Pas la même boîte que ce vendredi-là.
Une nouvelle.
Elle en a posé un devant moi.
« Cette fois, on les mange avant qu’ils soient écrasés », a-t-elle dit.
J’ai souri.
Elle aussi, un peu.
Plus tard, Thomas a envoyé une lettre.
Pas un message.
Une vraie lettre, avec une enveloppe et son écriture serrée.
Il disait qu’il regrettait.
Il disait qu’il avait eu peur pour l’avenir de Manon, pour le restaurant de Michel, pour l’argent, pour tout ce qui s’écroulait autour de lui.
Il disait qu’il avait confondu urgence et droit.
Jeanne a lu la lettre jusqu’au bout.
Puis elle l’a pliée et l’a remise dans l’enveloppe.
« Ce n’est pas encore une excuse », a-t-elle dit.
Elle avait raison.
Regretter les conséquences n’est pas la même chose que comprendre la faute.
Elle n’a pas répondu tout de suite.
Elle a attendu plusieurs jours.
Puis elle lui a écrit une phrase, une seule.
Tu pourras me reparler quand tu seras capable de me demander pardon sans me demander autre chose dans la même conversation.
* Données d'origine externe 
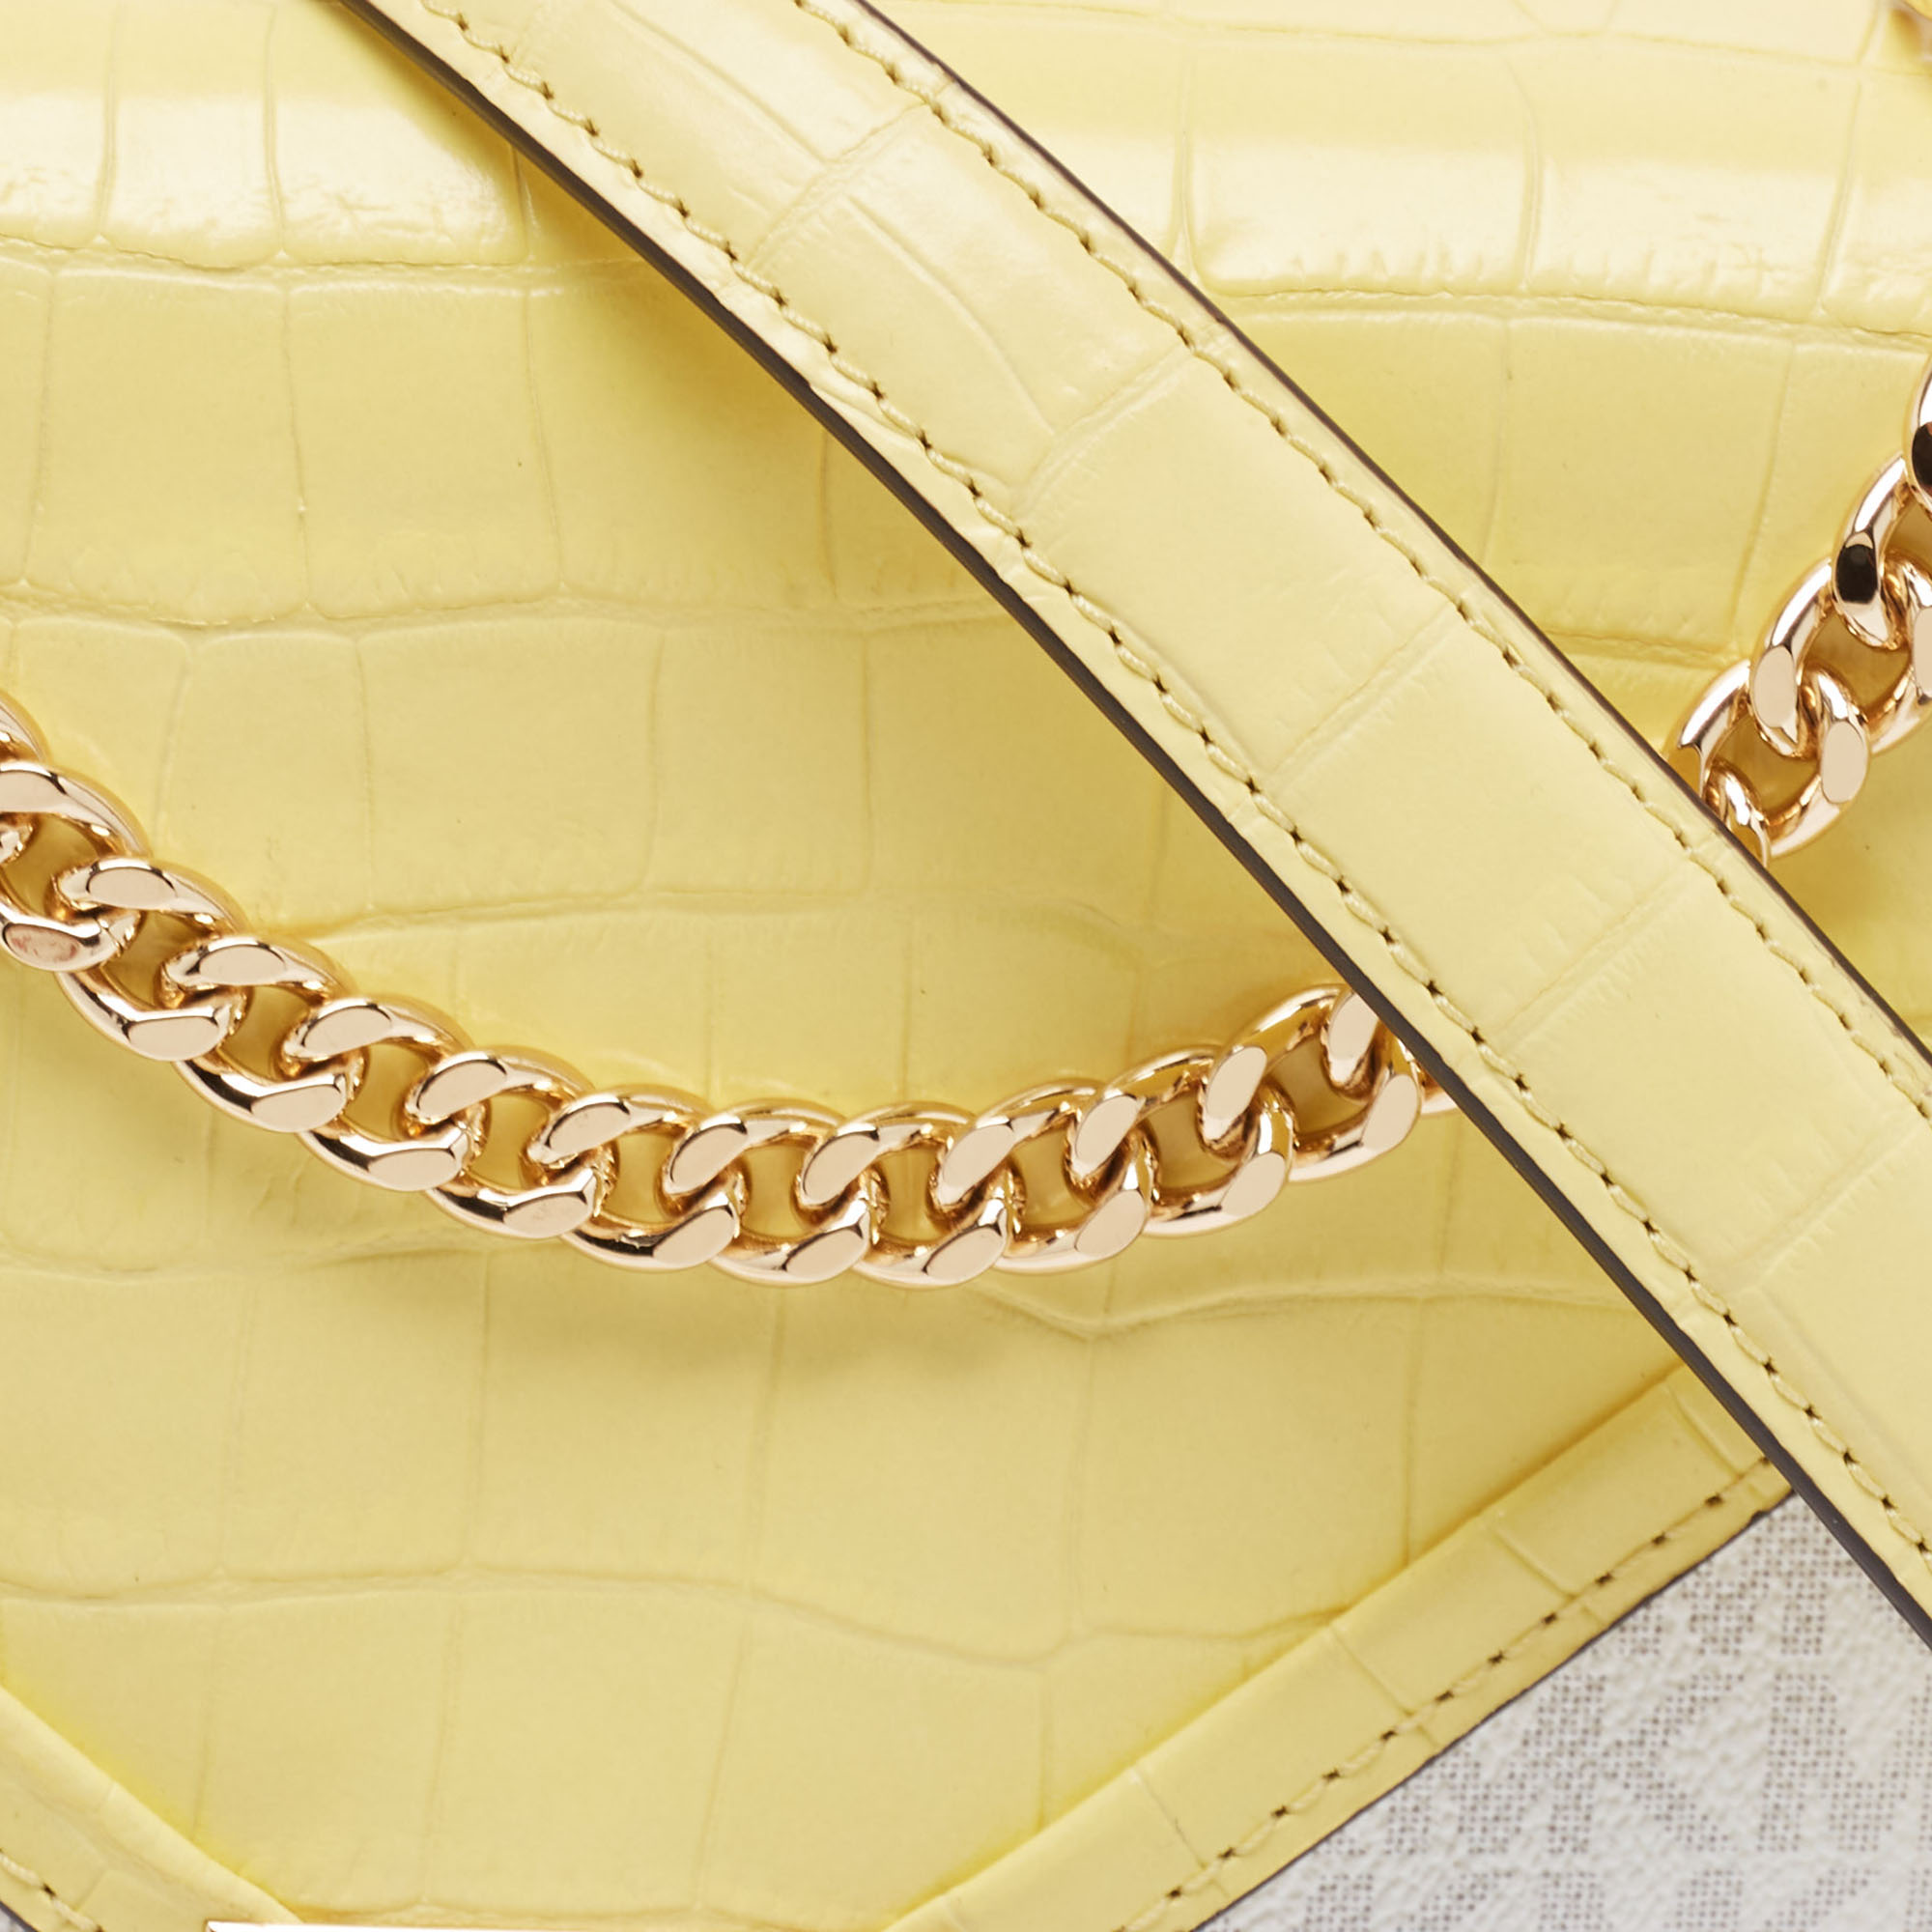 Michael Kors Yellow/White Coated Canvas And Croc Embossed Leather Large Whitney Shoulder Bag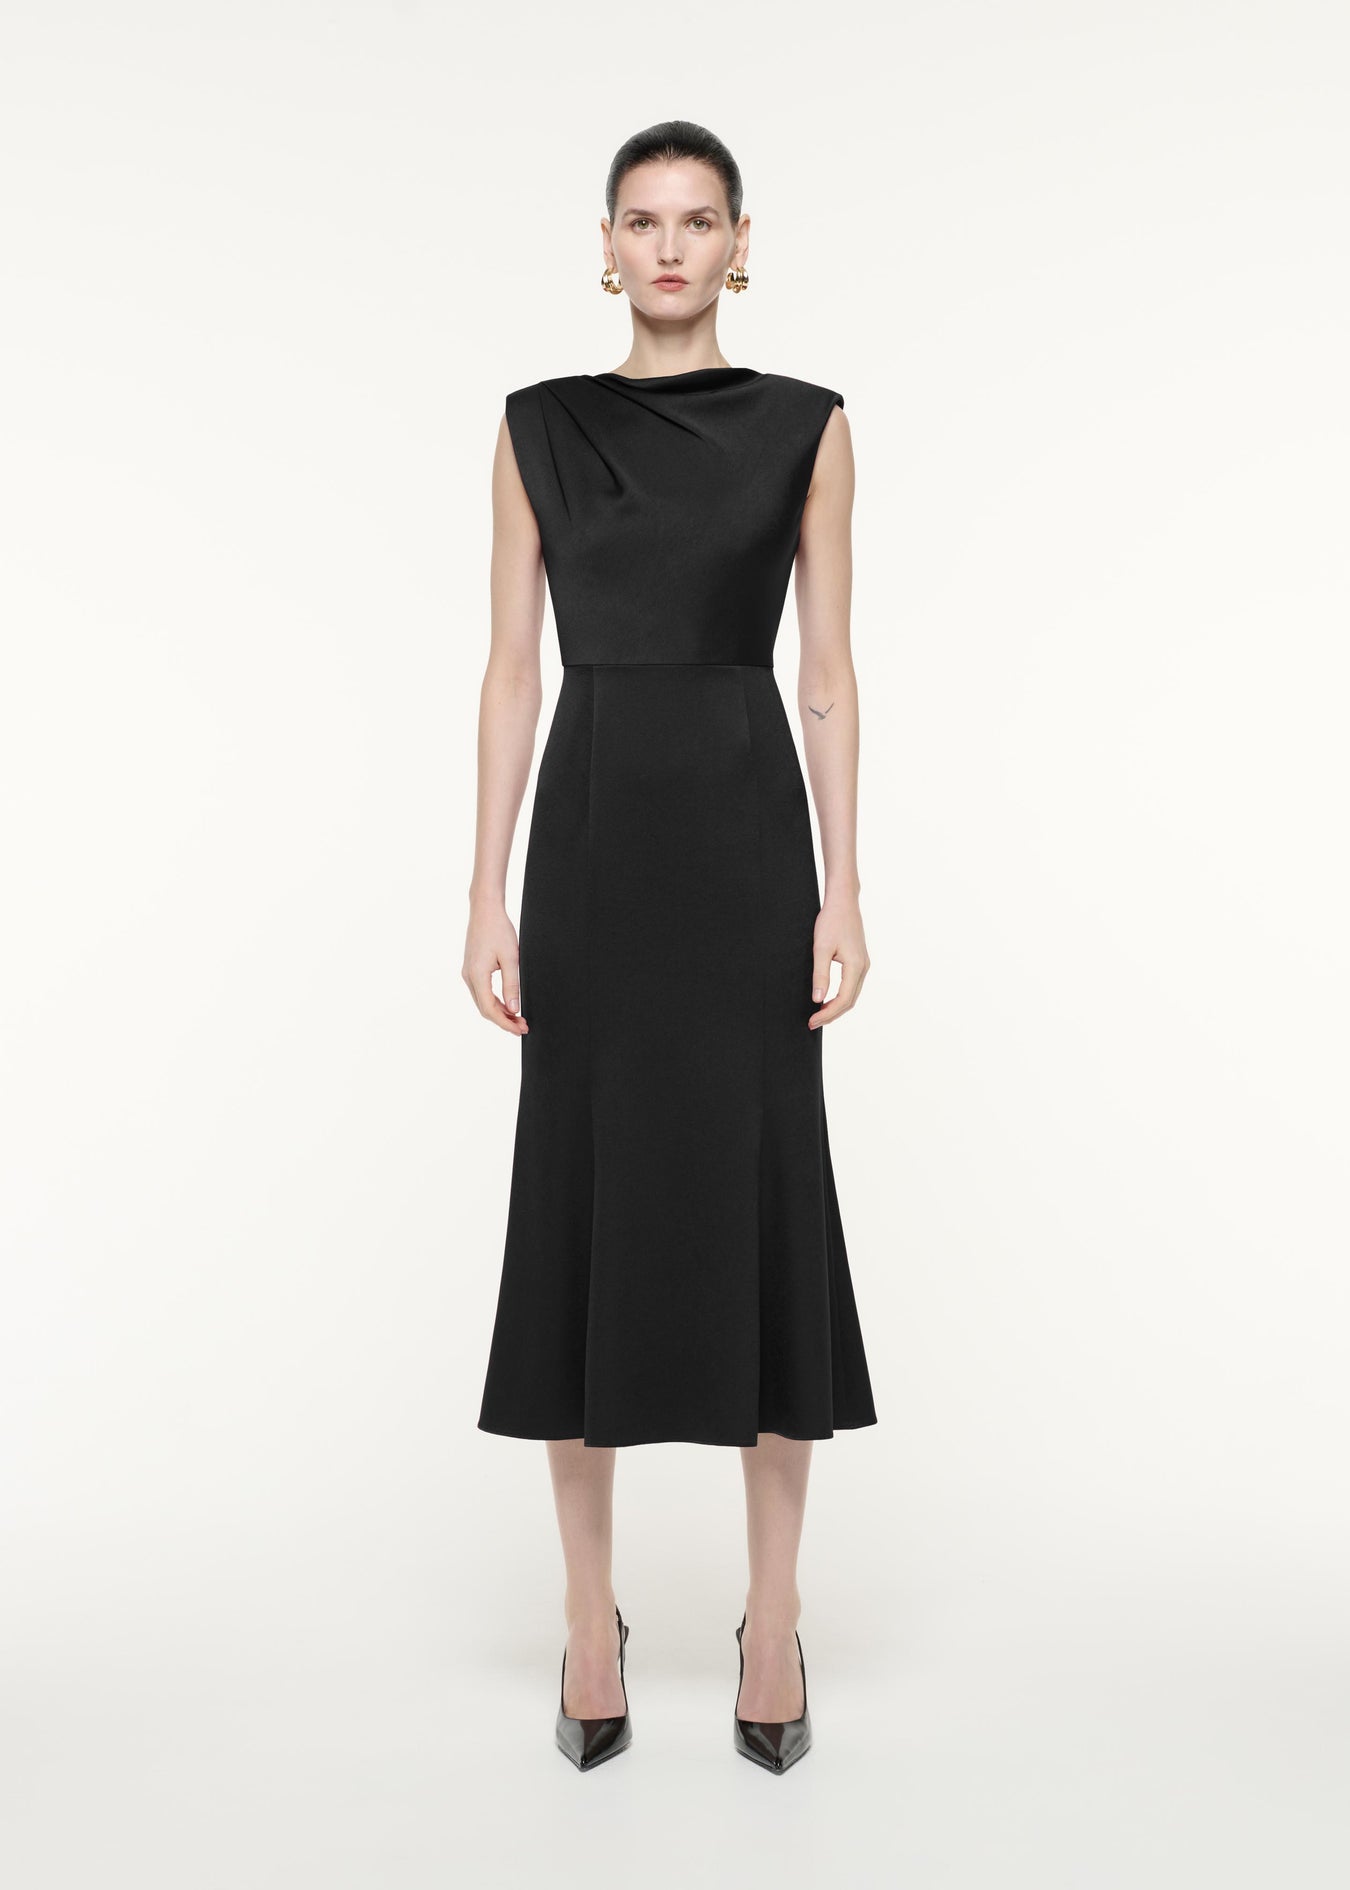 A front view image of a model wearing the Satin Crepe Midi Dress in Black

Je n’ai jamais été plus fier d’elle.
Le restaurant de Michel n’a pas été sauvé par notre maison.
Ce n’était pas à notre maison de le sauver.
Manon a fini par appeler Jeanne, un soir, pour dire qu’elle aurait dû intervenir quand Thomas avait bloqué le passage.
Jeanne l’a écoutée.
Elle ne l’a pas consolée.
Elle ne l’a pas insultée non plus.
Elle a simplement dit : « Oui. Tu aurais dû. »
Puis elle a raccroché.
C’était peut-être dur.
C’était surtout juste.
Aujourd’hui, la petite maison est toujours à son nom.
Le dossier de notaire n’a jamais servi à ce qu’ils voulaient.
Les photos sont conservées.
Le certificat aussi.
Pas parce que Jeanne veut vivre dans la vengeance.
Parce qu’elle a appris que protéger sa paix demande parfois de garder des preuves là où, avant, elle aurait gardé seulement des souvenirs.
Thomas n’est pas revenu à table depuis.
Un jour, peut-être, il reviendra autrement.
Pas avec un dossier.
Pas avec une urgence.
Pas avec la bouche pleine de grands mots sur la famille.
Avec des excuses propres.
Avec les mains vides.
Ce vendredi-là, je pensais rentrer avec une bouteille de rouge et des biscuits aux amandes.
Je suis rentré deux jours plus tôt que prévu, et j’ai trouvé ma femme par terre dans notre salon.
Pendant longtemps, j’ai regretté de ne pas être arrivé dix minutes avant.
Puis Jeanne m’a dit quelque chose que je n’ai jamais oublié.
« Tu es arrivé avant ma signature. »
Et parfois, dans une vie, c’est la seule avance qui suffit à sauver tout ce qui compte.